In January 2024, Amer served relators with notices of depositions on written
questions. The notices were attached to pages that were labeled as subpoenas duces
tecum, and the returns of service were subpoena returns. The pages labeled as
subpoena duces tecum required relators to appear before a notary public “no less
than seven days following the service of this subpoena which will be issued no less
than twenty-five days following the service of the Notice of Subpoena Duces
Tecum.” The notice served on the ME’s Office requested any and all autopsy
records related to Nadia.

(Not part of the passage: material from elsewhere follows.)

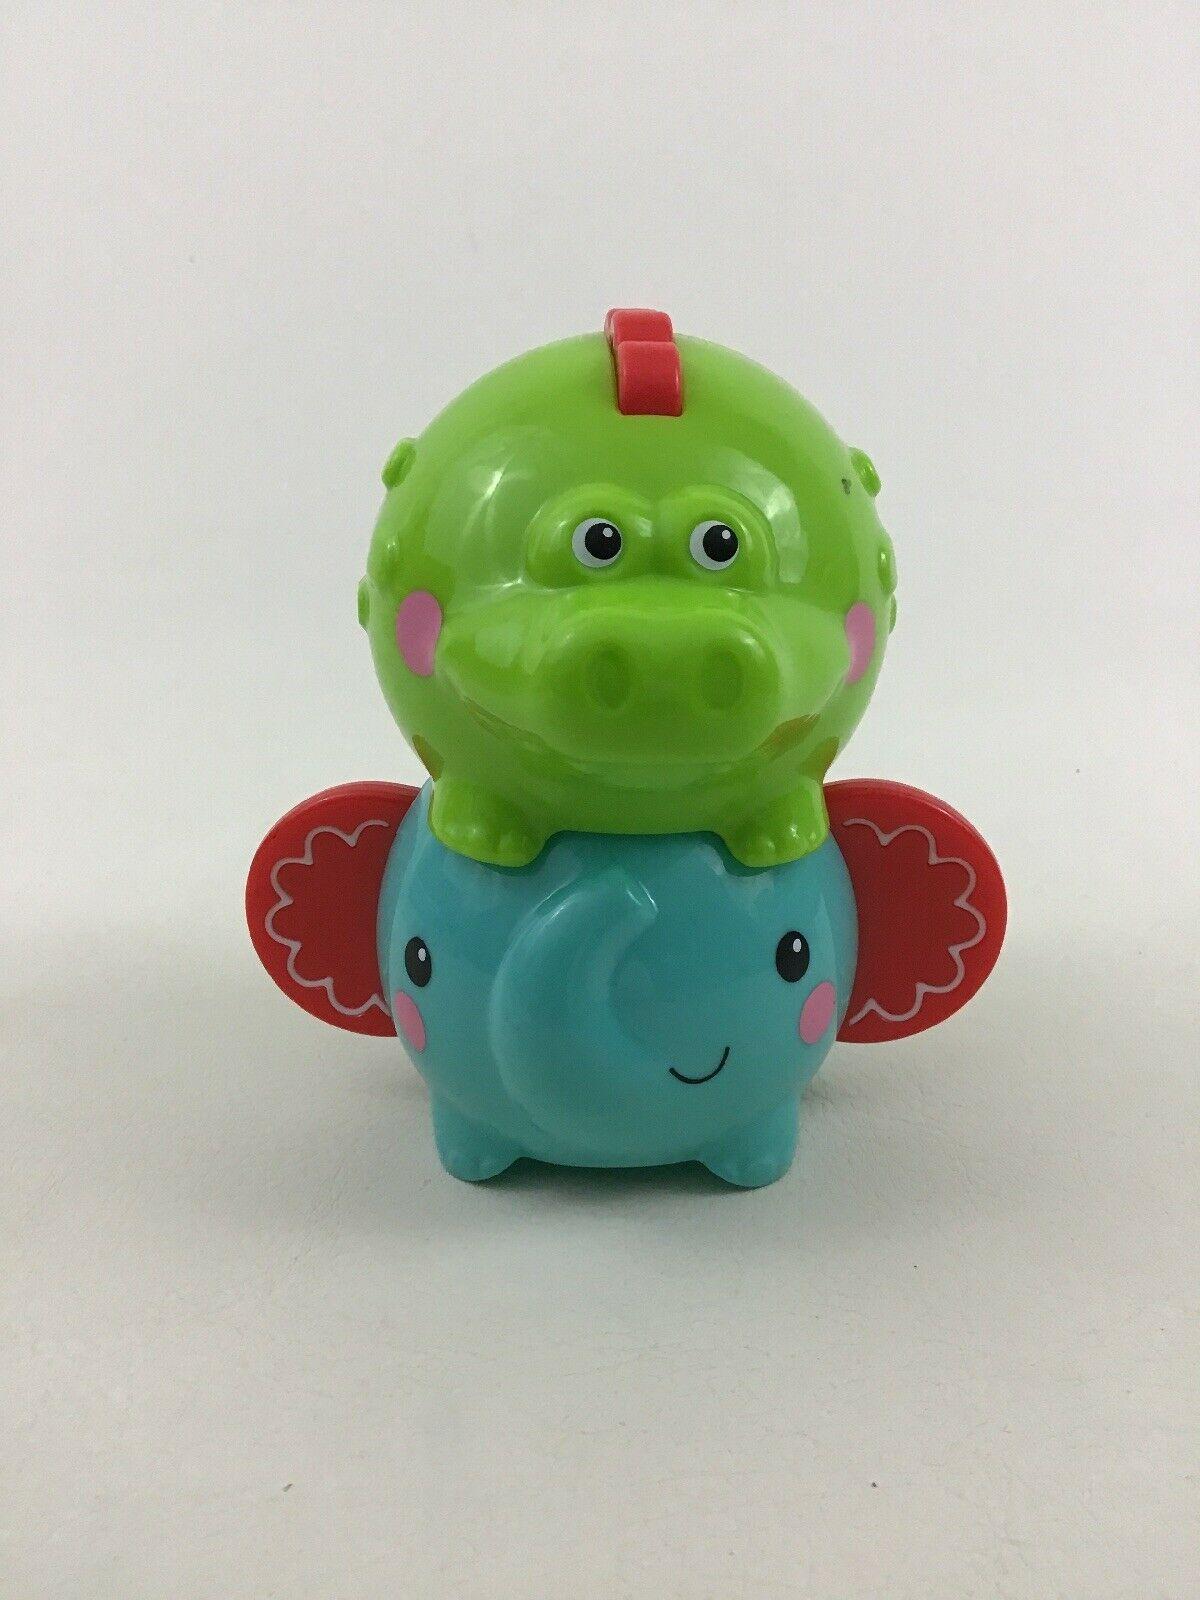 Fisher Price Toddler Stacking Animal Toys 3pc Lot Elephant Crocodile Toy image 6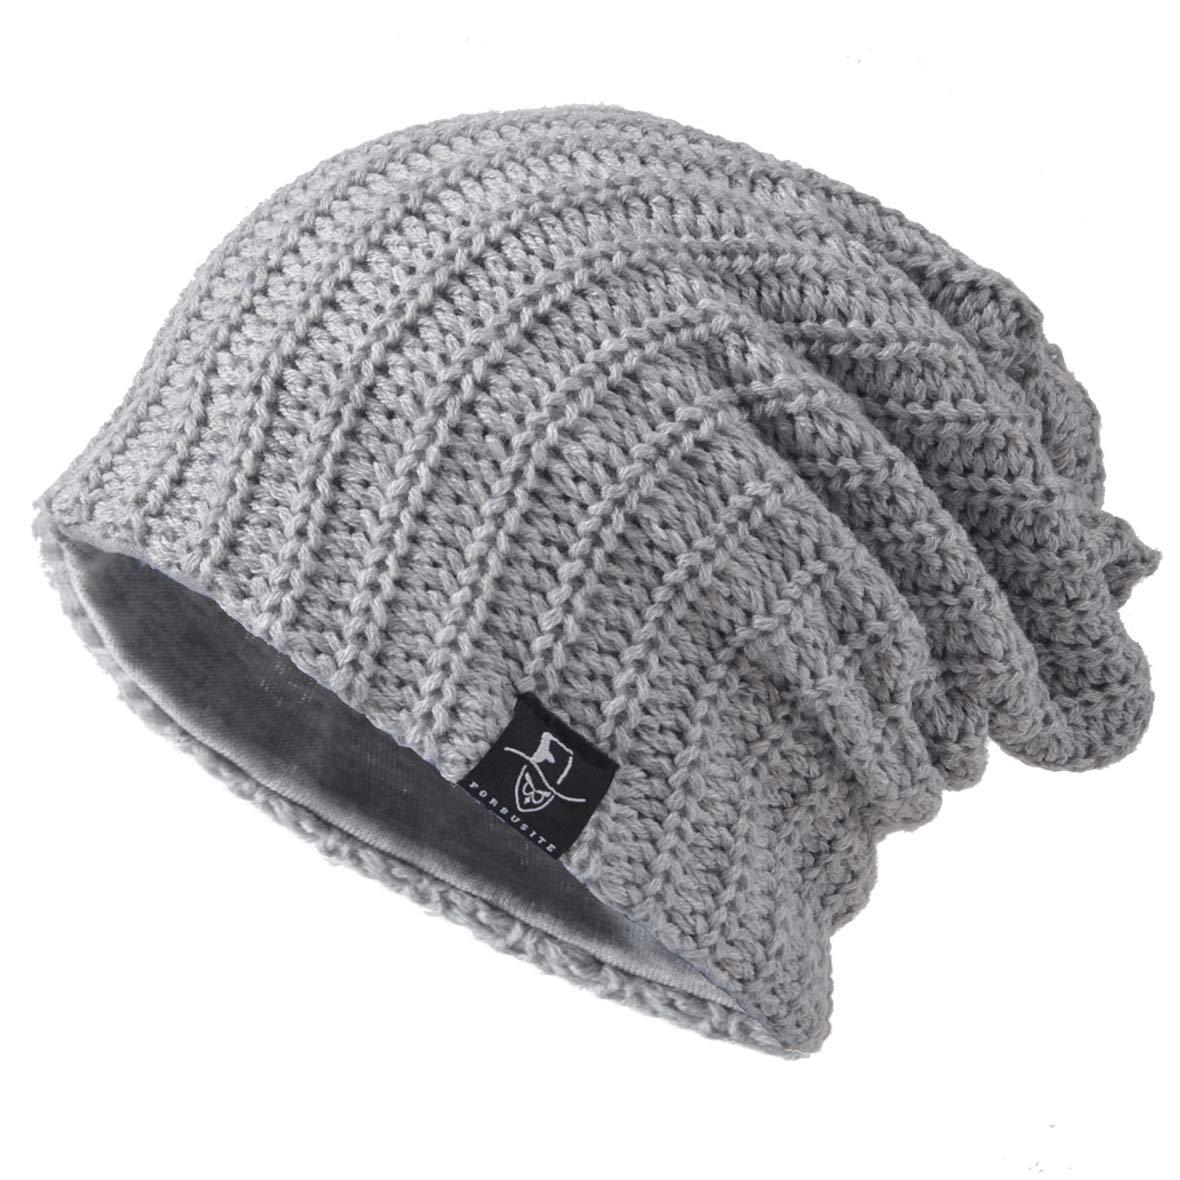 Oversized Baggy Skull Cap Winter Warm Ski Hat B305 Ruphedy Mens Slouch Knit Beanie

The notice served on the DA’s Office requested a list of
twenty-two categories of items, including any confessions or statements made by
Clark, arrest warrants, offense reports, names of law-enforcement officers and
employees of the DA’s Office who had participated in the case, names of any person
interviewed, photographs, videos, physical evidence, and reports of scientific tests
and medical or psychological examinations, as well as the opportunity to inspect the
defendant’s and the victim’s cell phones.
–2– Relators each filed a motion for protective order. The DA’s Office argued
that the subpoena was defective because it was not dated or signed and required the
DA’s Office to provide documents in a shorter time frame than allowed by the rules;
the requested records pertained to a pending criminal prosecution and the release of
such records would interfere with the detection, investigation, or prosecution of
Clark; and the subpoenas were outside the permissible scope of discovery because
they improperly sought attorney work product, privileged attorney–client
communications, and statutorily confidential information. The DA’s Office urged
that even if some items could be released, the trial court must first conduct an in
camera inspection to determine that the discovery sought was relevant and that there
was a specific need for it. The ME’s Office argued that the subpoena served on its
office was defective because it was not dated or signed, there was no witness fee
attached to the subpoena, a return of service was not filed with the court, and the
subpoena required the production of documents in a shorter time frame than allowed
by the rules. The ME’s Office also adopted the DA’s Office’s argument that the
requested records pertained to a pending criminal prosecution and further argued
that Clark should not have unfettered access to documents that he would not be
physically entitled to under the criminal discovery rules.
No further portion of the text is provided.